Dollar Coins.....what a mess!

Here's a thing which has on occasion caused me to wonder, with the greenback being all the same size, how do blind people tell the difference? Is there some tell-tale texture difference or do they just rely on the honesty of other people?
 
Don't know about blind people using greenbacks as they don't have any braile markings on them.

I loved getting silver dollars as a boy. I wish I had kept every one of them. I've got no issues with a dollar coin and I wish there were more in circulation.

Speaking of plastic money, I have a few bills from both Australia and Paraguay that I saved while on various assignments.

With the inflation and devaluation of the dollar, dollar bills are just so much extra bulk in the wallet with the five dollar bill being the most useful for small purchases and the 20 dollar bill the most common now due to ATM dispensers.
 
Here's a thing which has on occasion caused me to wonder, with the greenback being all the same size, how do blind people tell the difference? Is there some tell-tale texture difference or do they just rely on the honesty of other people?

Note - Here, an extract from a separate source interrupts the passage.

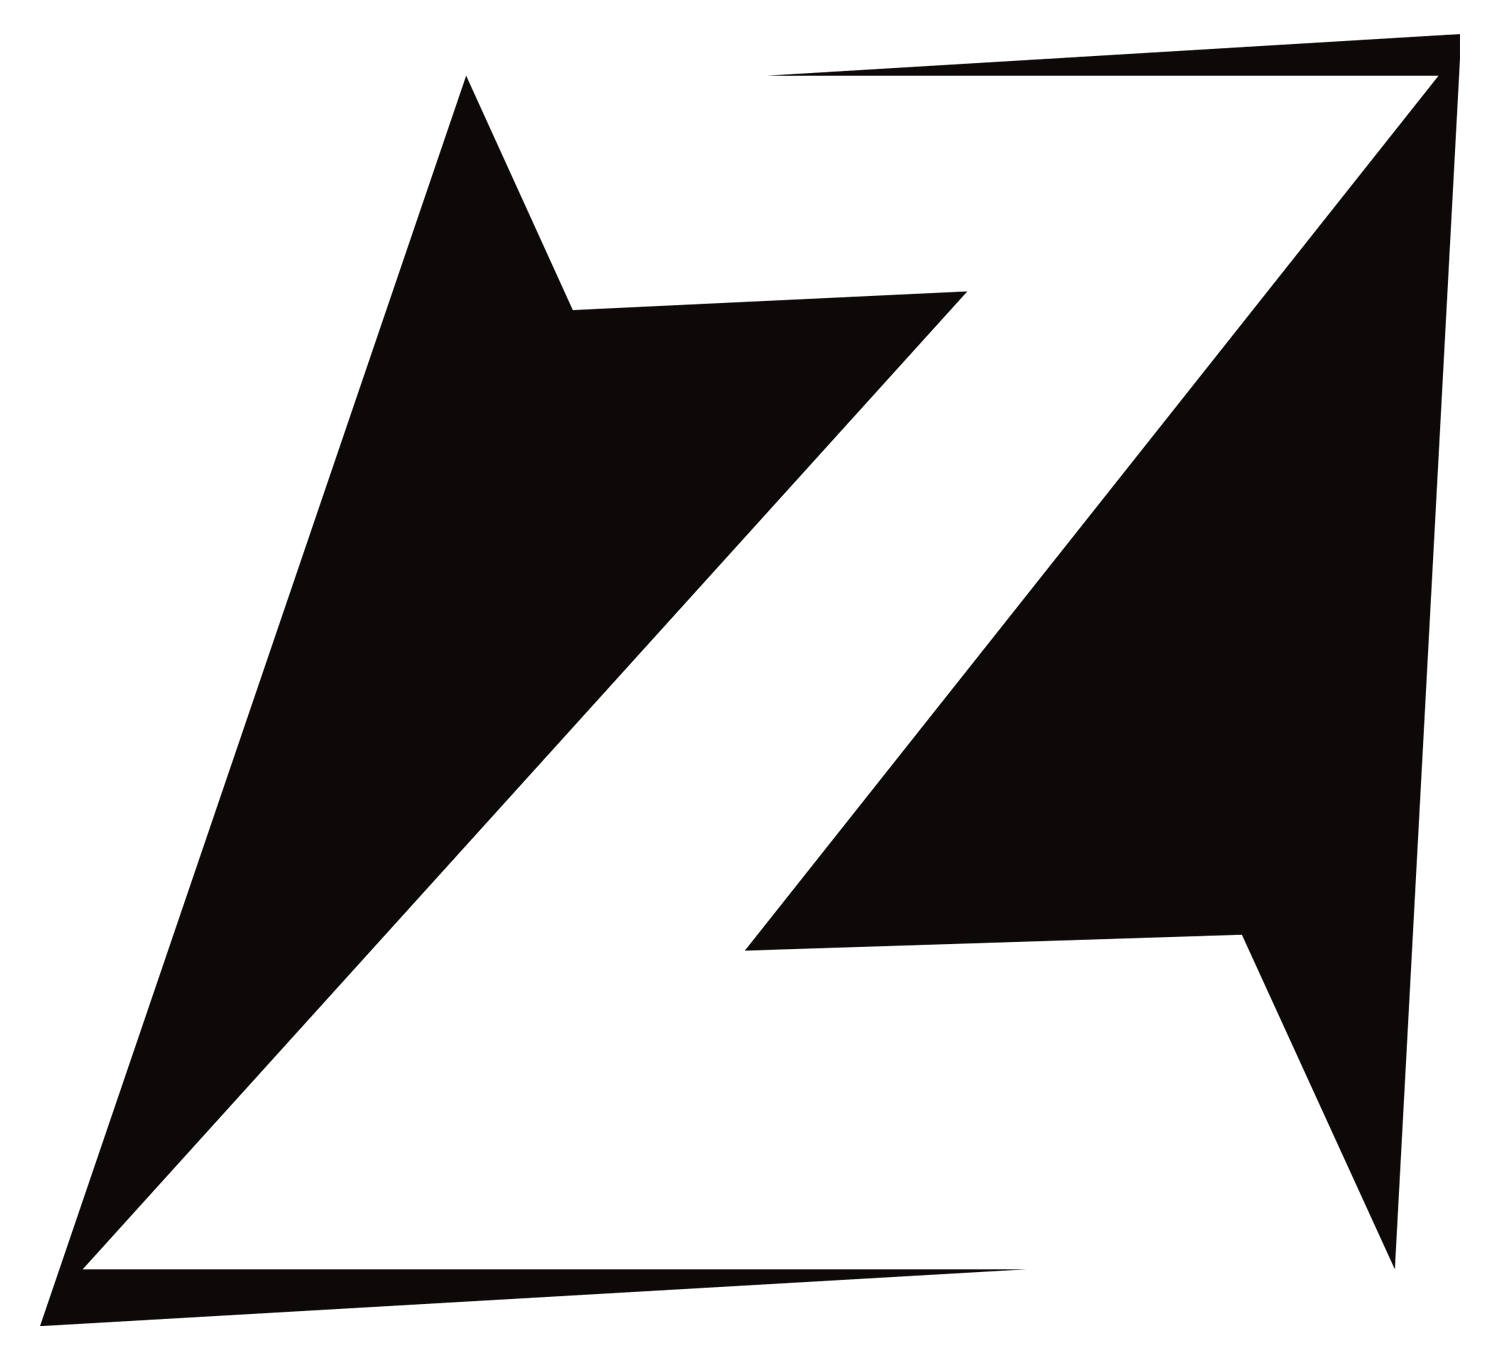 White Z Logo - File:Z télé.png - Wikimedia Commons

I asked that when I was a wee boy. I was told it was the honor system. That was a long time ago, honor may have died since then.
 
Are Aus or Nz peps never showed up but I did find this.

Australia Polymer series

The first polymer banknotes were issued in 1988 by the Reserve Bank of Australia, specifically polypropylene polymer banknotes to commemorate the bicentenary of European settlement in Australia. All Australian notes are now made of polymer.

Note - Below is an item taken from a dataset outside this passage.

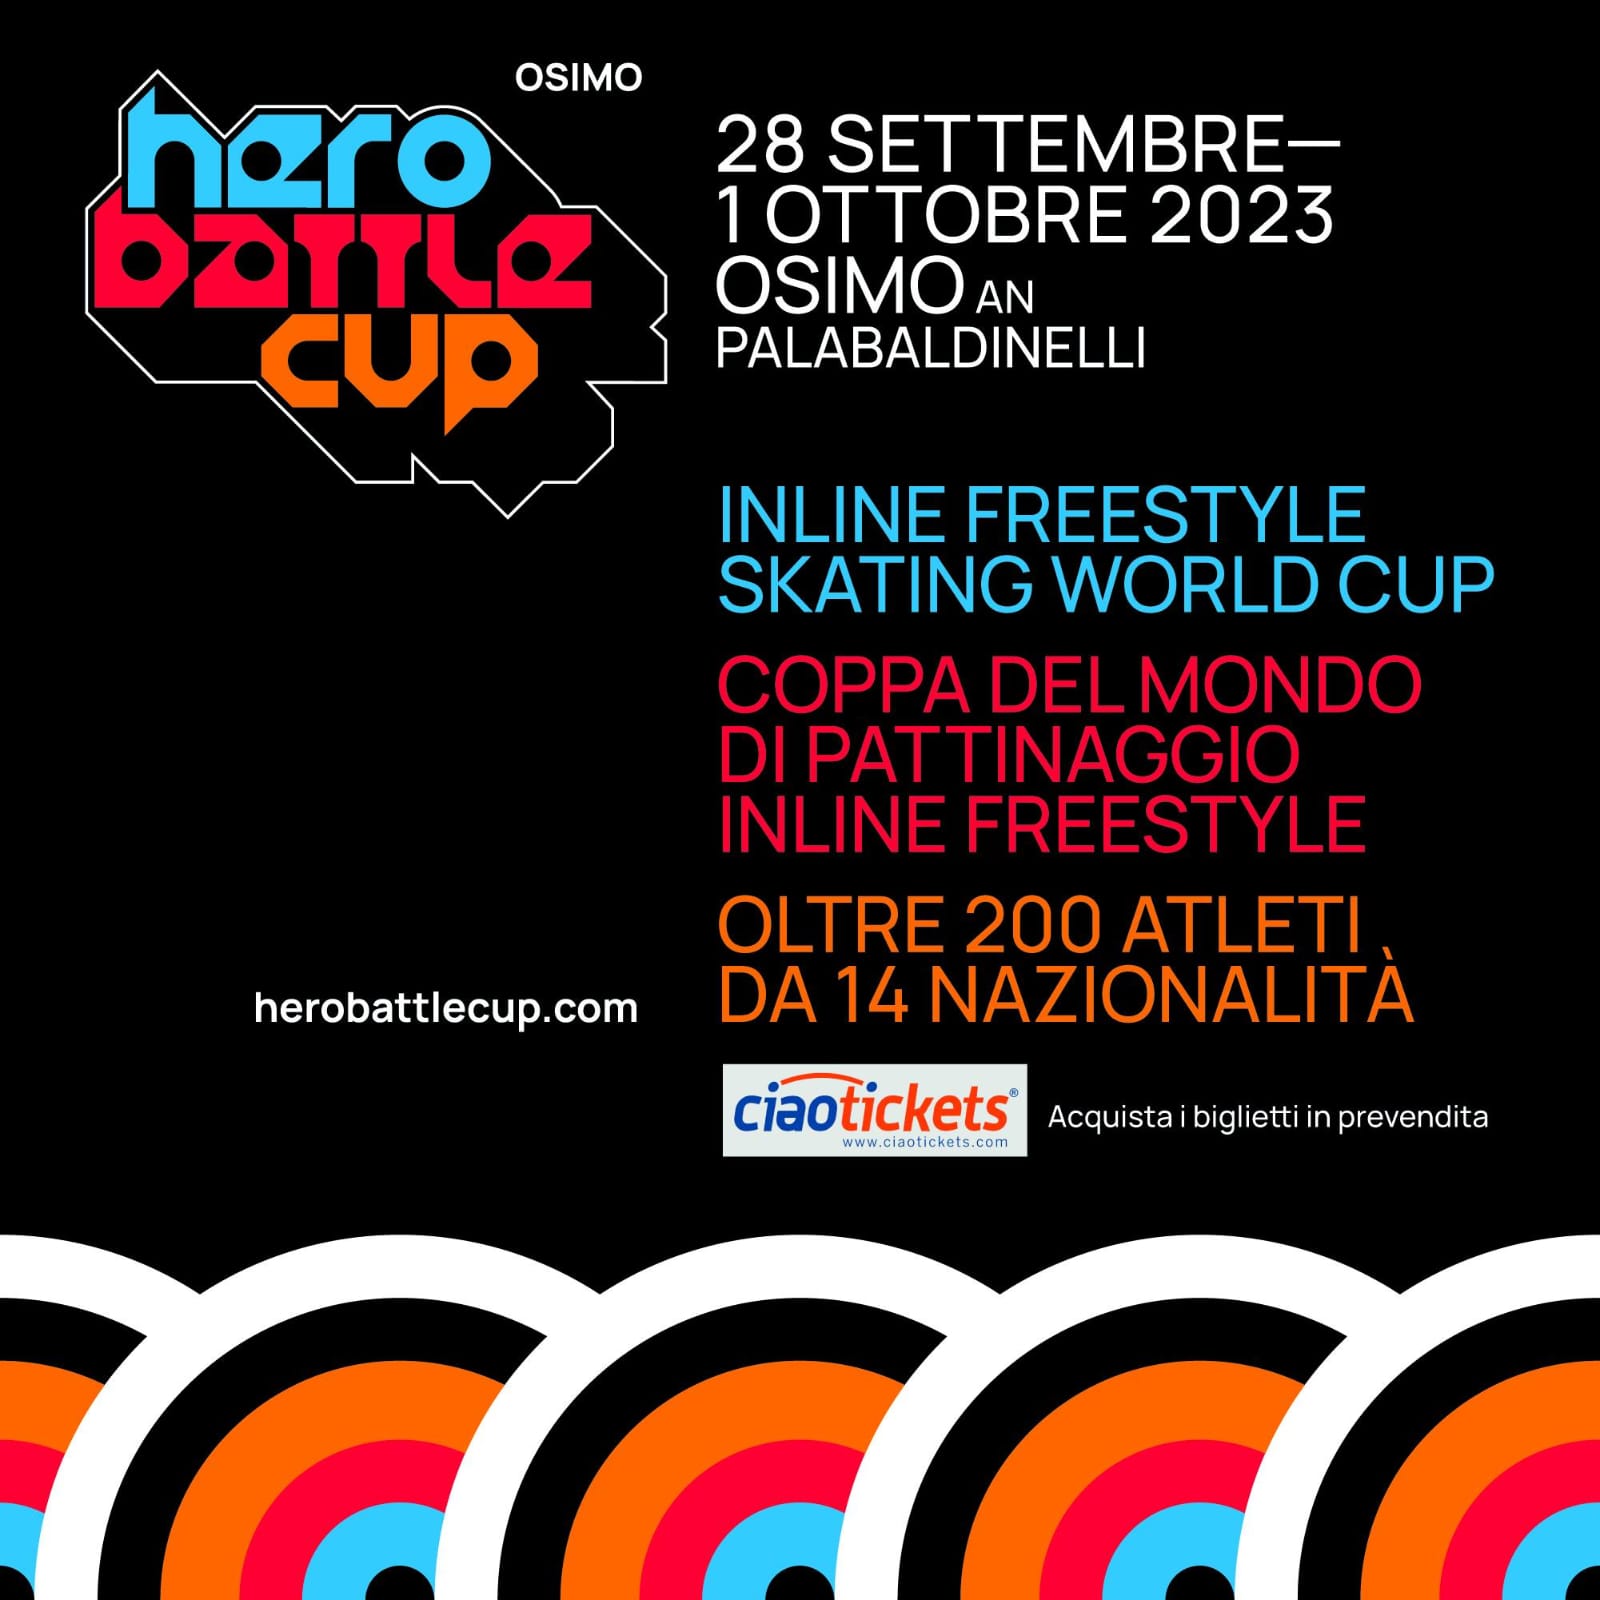 HERO BATTLE CUP – En Osimo, la final del campeonato mundial con atletas de todo el mundo.

Notes are sized according to their denomination, for the visually impaired. They are the same height but of different lengths, in order of their value - $5 being the smallest, $100 the largest. Notes are also colour coded: $5 pink (there are two designs); $10 blue; $20 red; $50 yellow; and $100 green.

As a security feature, these notes contained a transparent window with an optically variable image of Captain James Cook. Every note also has a seven-pointed star which has only half the printing on each side as well as an image of the Australian Coat of Arms only visible when held up to the light. Australian banknotes were the first in the world to use such features.

http://en.wikipedia.org/wiki/Australian_dollar#Polymer_series
 
Being here in snow bird country, you really have to keep a watch out on your change. I've gotten many Canadian quarters and dimes and if the store sees them, they won't take them.

It used to be that when a Canadian changed their dollars to US they would still owe money, now it's the other way around.